_Source data_.
╭──

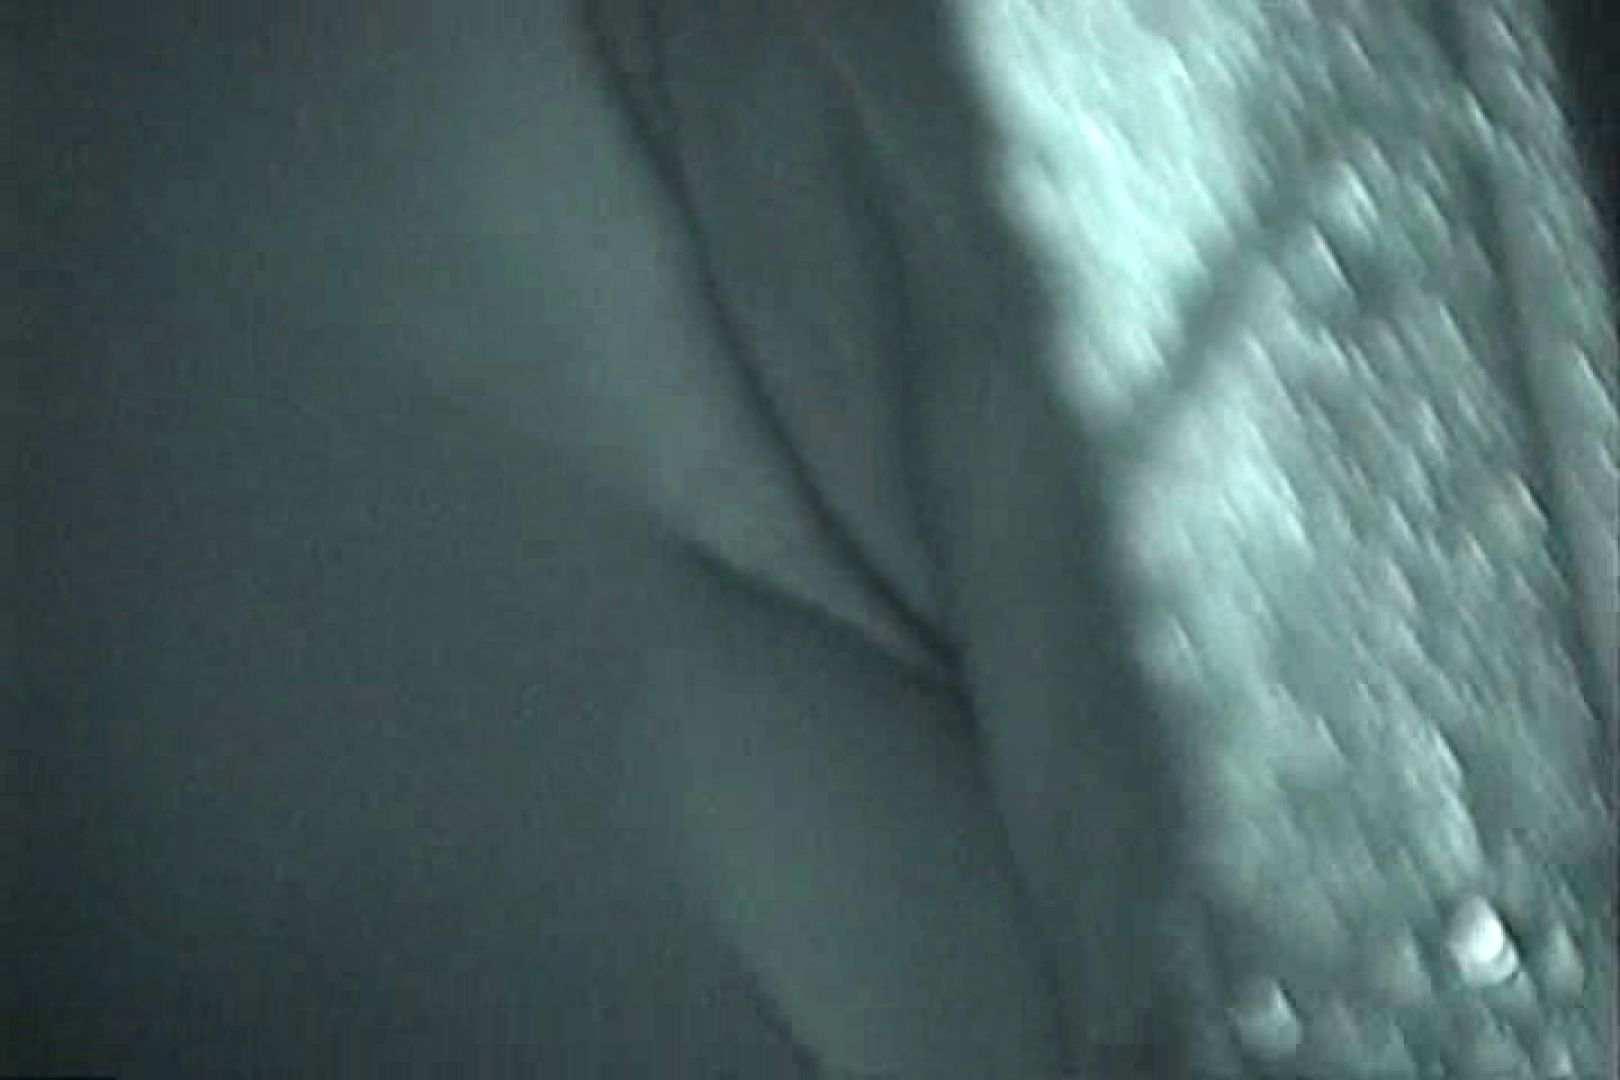 充血監督の深夜の運動会Vol.119 フェラ最高 SEX無修正画像 85画像 63
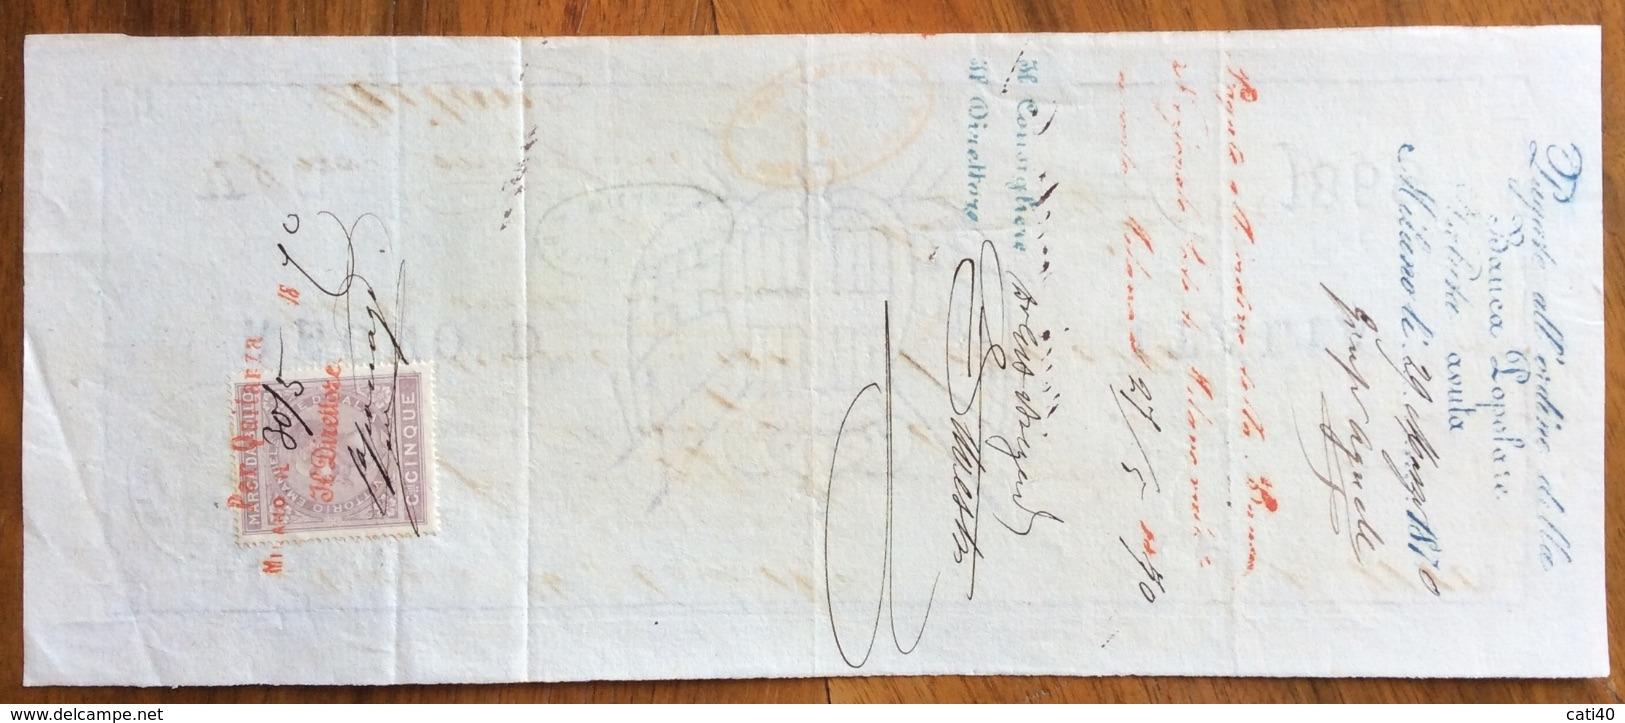 MARCA DA BOLLO  SU CAMBIALE(1868)  MILANO 1870  DI 1800 LIRE ITALIANE CON  FIRME AUTOGRAFE  DOCUMENTO ORIGINALE - Cambiali
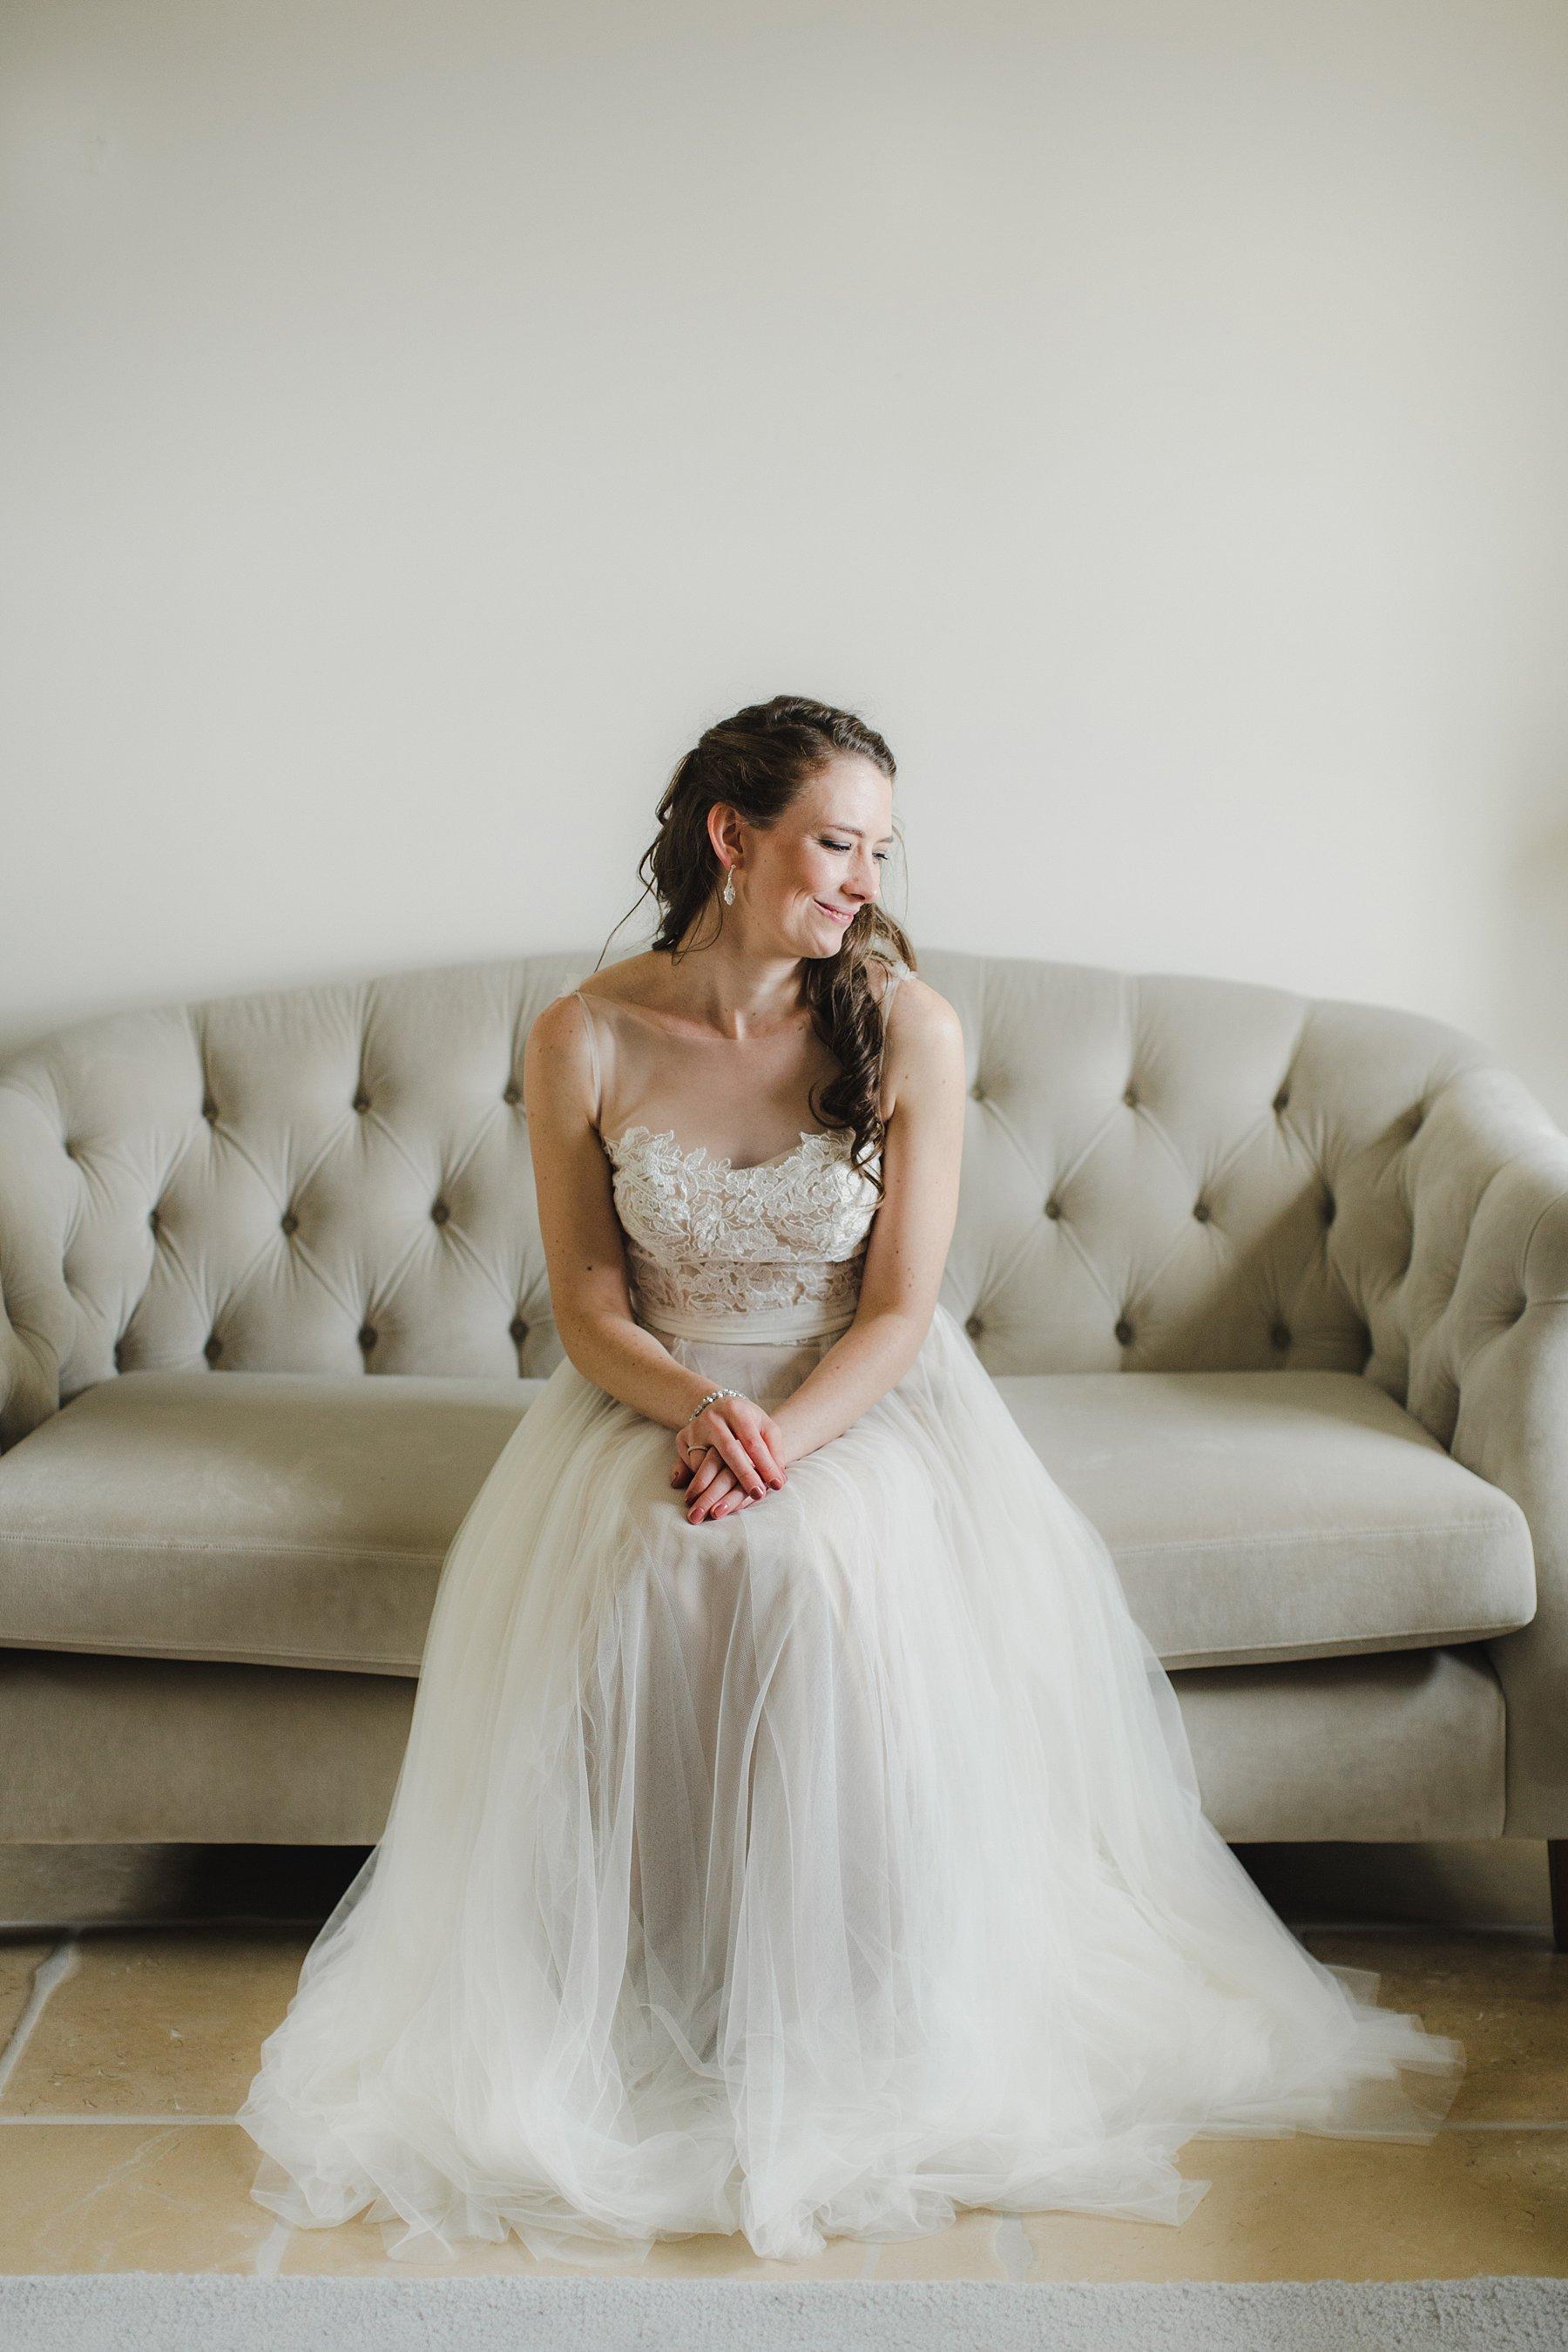 hornhead_donegak_elopement_weddings_0026

╰──

_What the task requires_.
Everything from the line that contains "MARCA DA BOLLO" to the final line of the data is to be duplicated exactly, both ends included, except the pictures.

_Task result_.
 MARCA DA BOLLO  SU CAMBIALE(1868)  MILANO 1870  DI 1800 LIRE ITALIANE CON  FIRME AUTOGRAFE  DOCUMENTO ORIGINALE - Cambiali
 hornhead_donegak_elopement_weddings_0026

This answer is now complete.